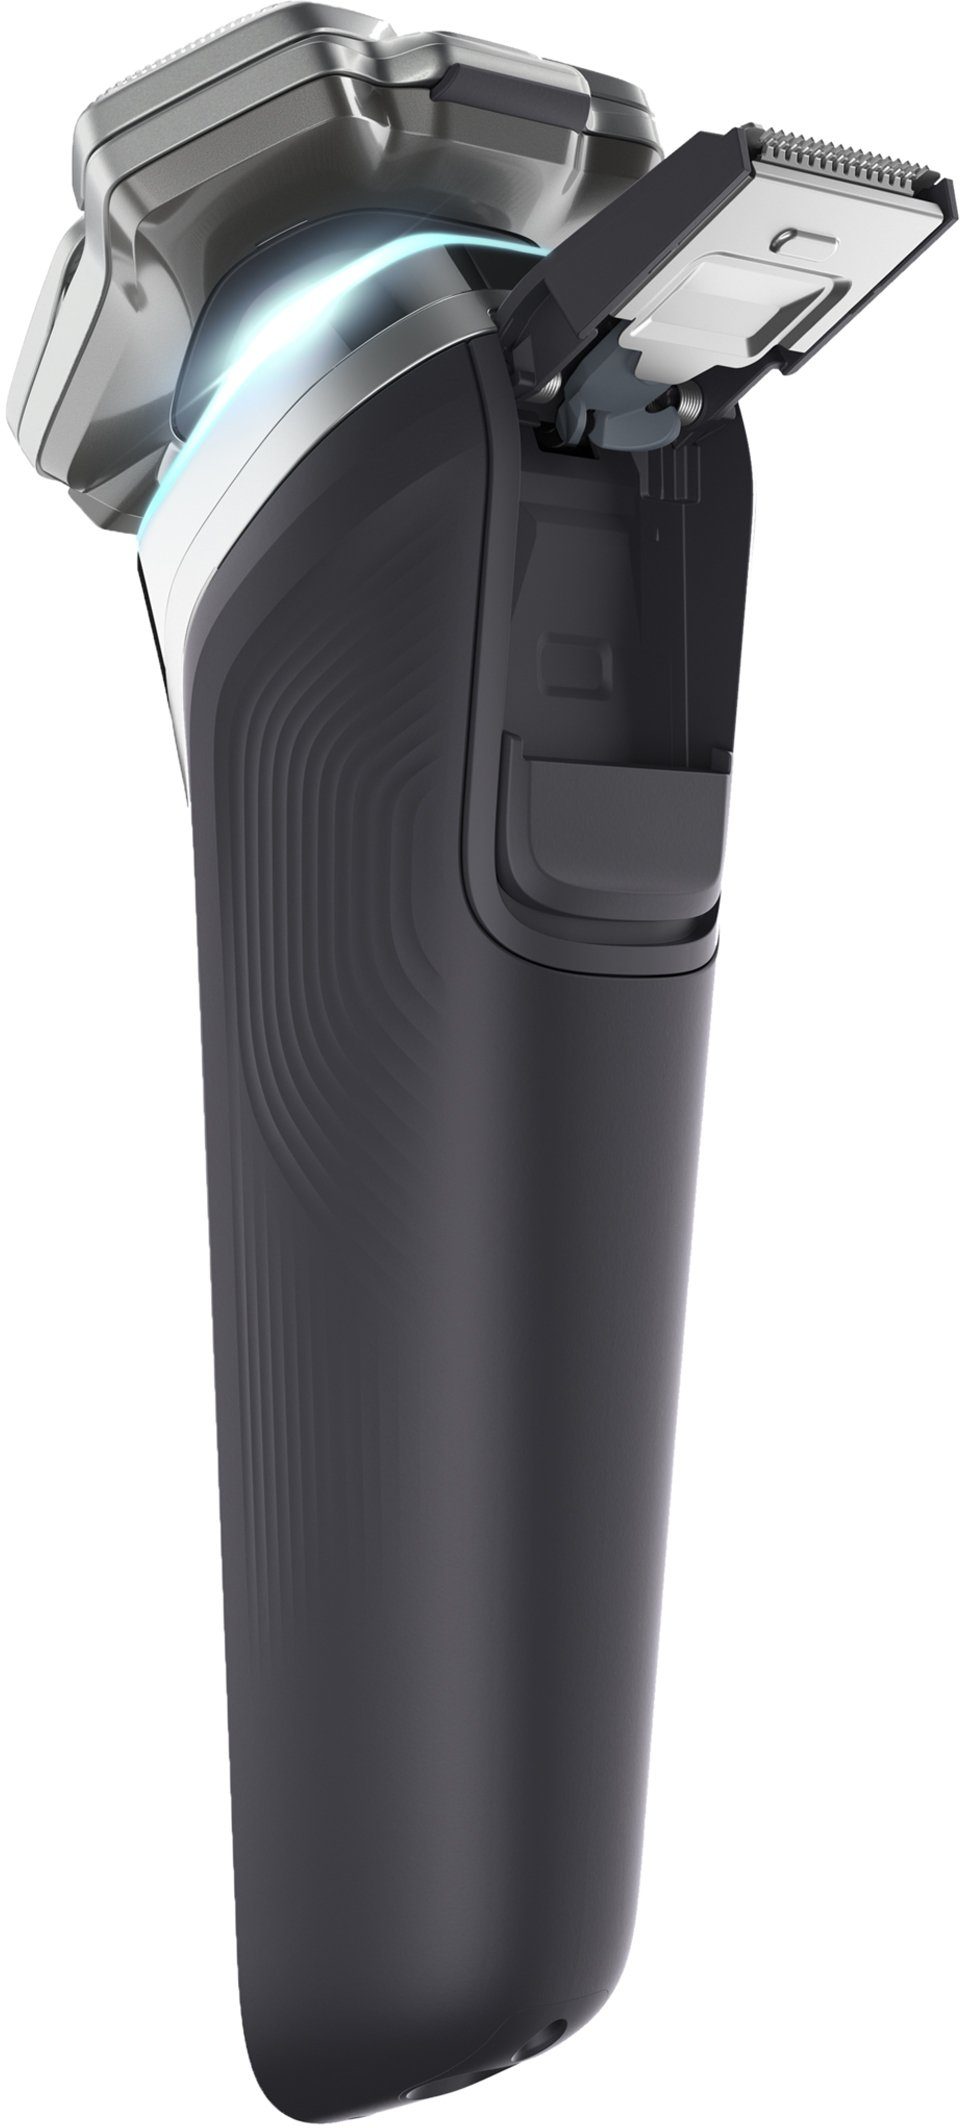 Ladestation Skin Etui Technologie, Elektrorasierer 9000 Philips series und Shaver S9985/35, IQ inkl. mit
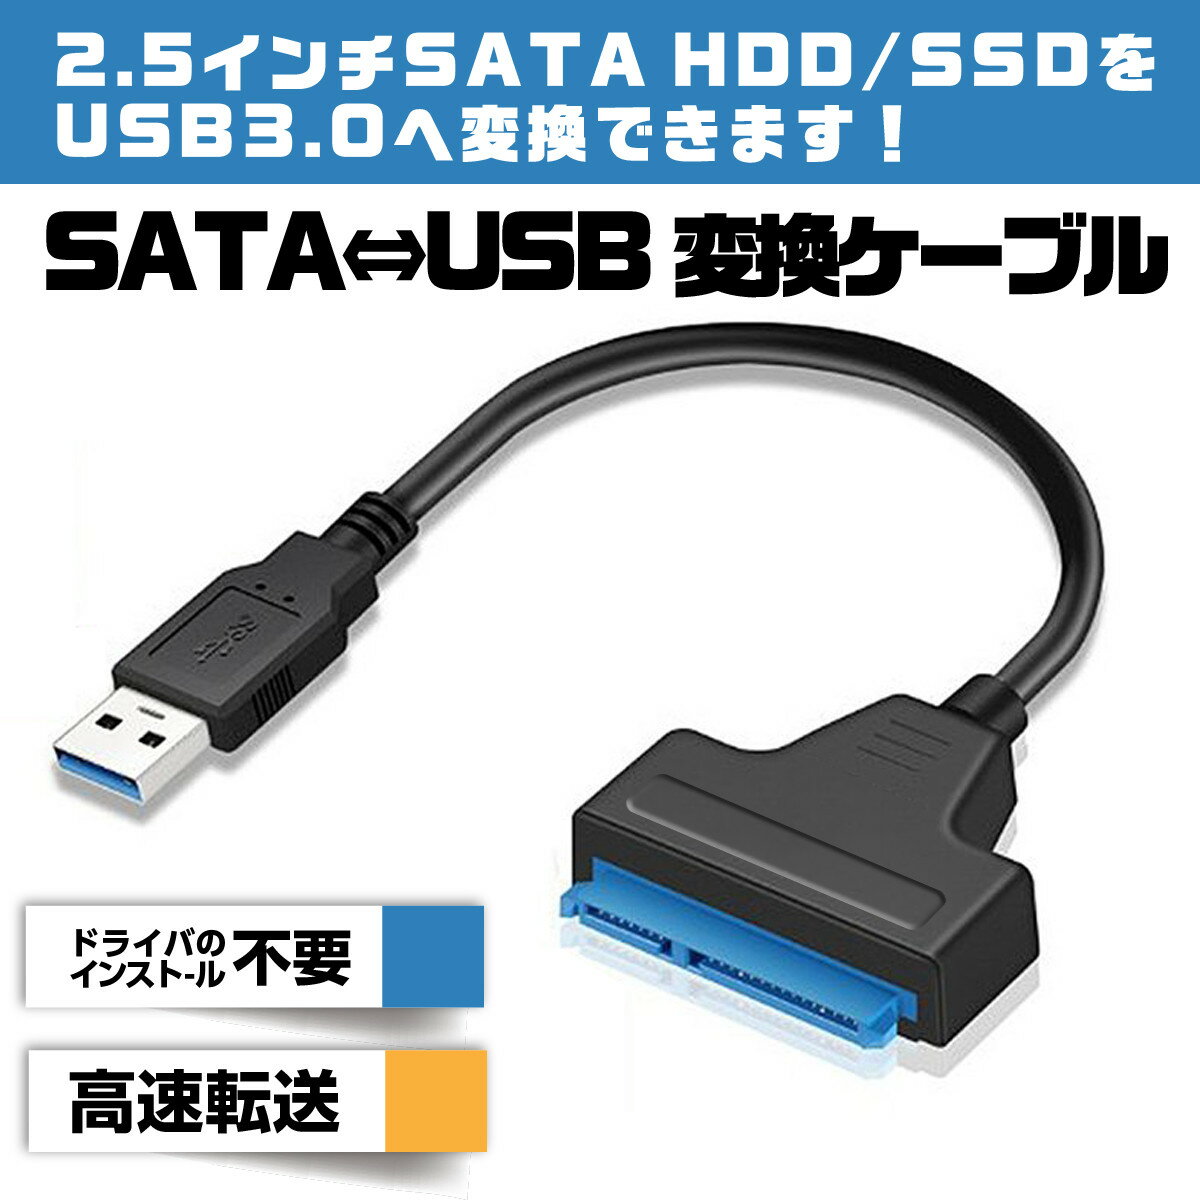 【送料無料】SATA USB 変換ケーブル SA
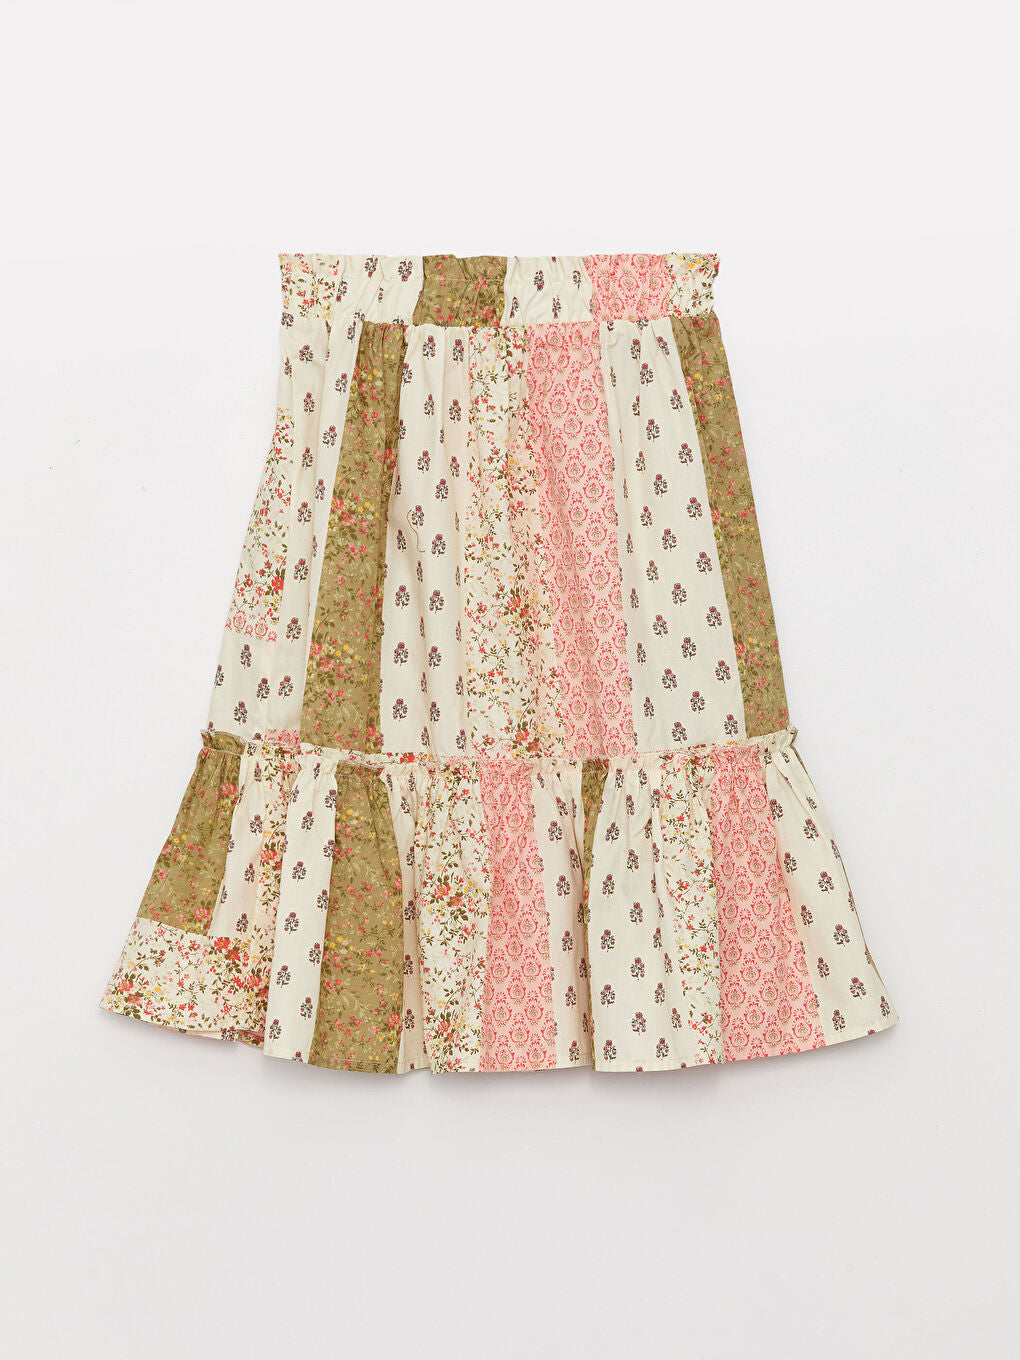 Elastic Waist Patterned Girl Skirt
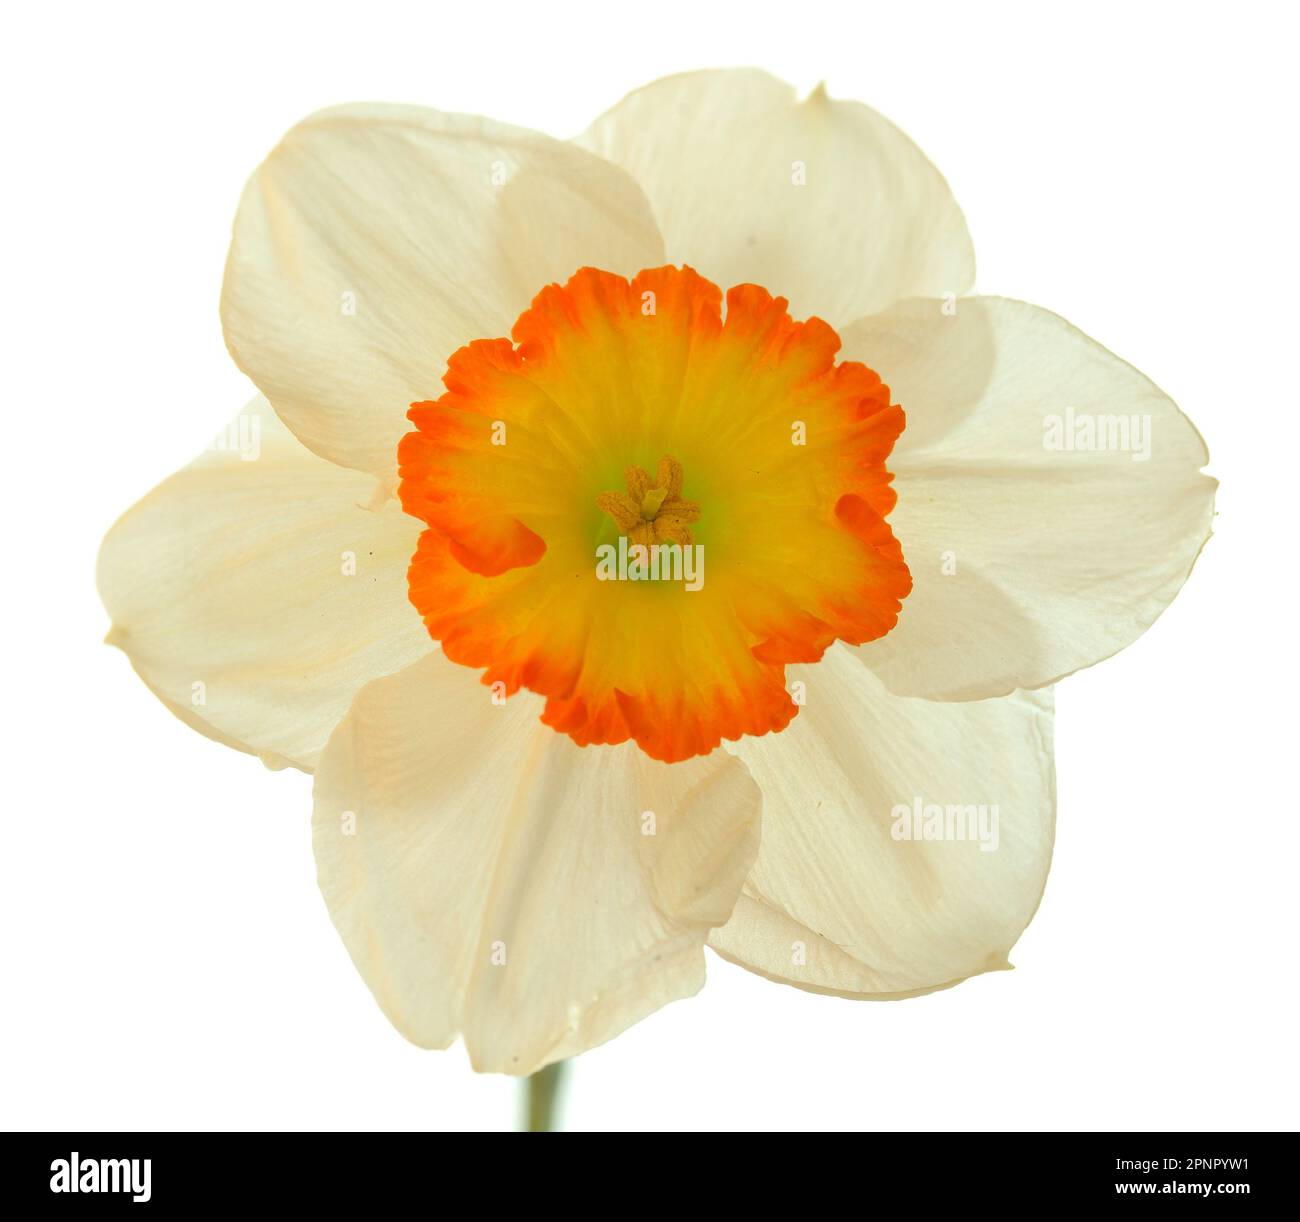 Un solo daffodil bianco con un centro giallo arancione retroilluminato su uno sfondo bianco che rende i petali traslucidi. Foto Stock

(ASSIGNMENT) Line by line and exactly, reproduce the span from the line with "USB 変換ケーブル SA" through the end of the data above, both ends included, with pictures left out.

(COMPLETED TASK)
 【送料無料】SATA USB 変換ケーブル SA
 Elastic Waist Patterned Girl Skirt
 Un solo daffodil bianco con un centro giallo arancione retroilluminato su uno sfondo bianco che rende i petali traslucidi. Foto Stock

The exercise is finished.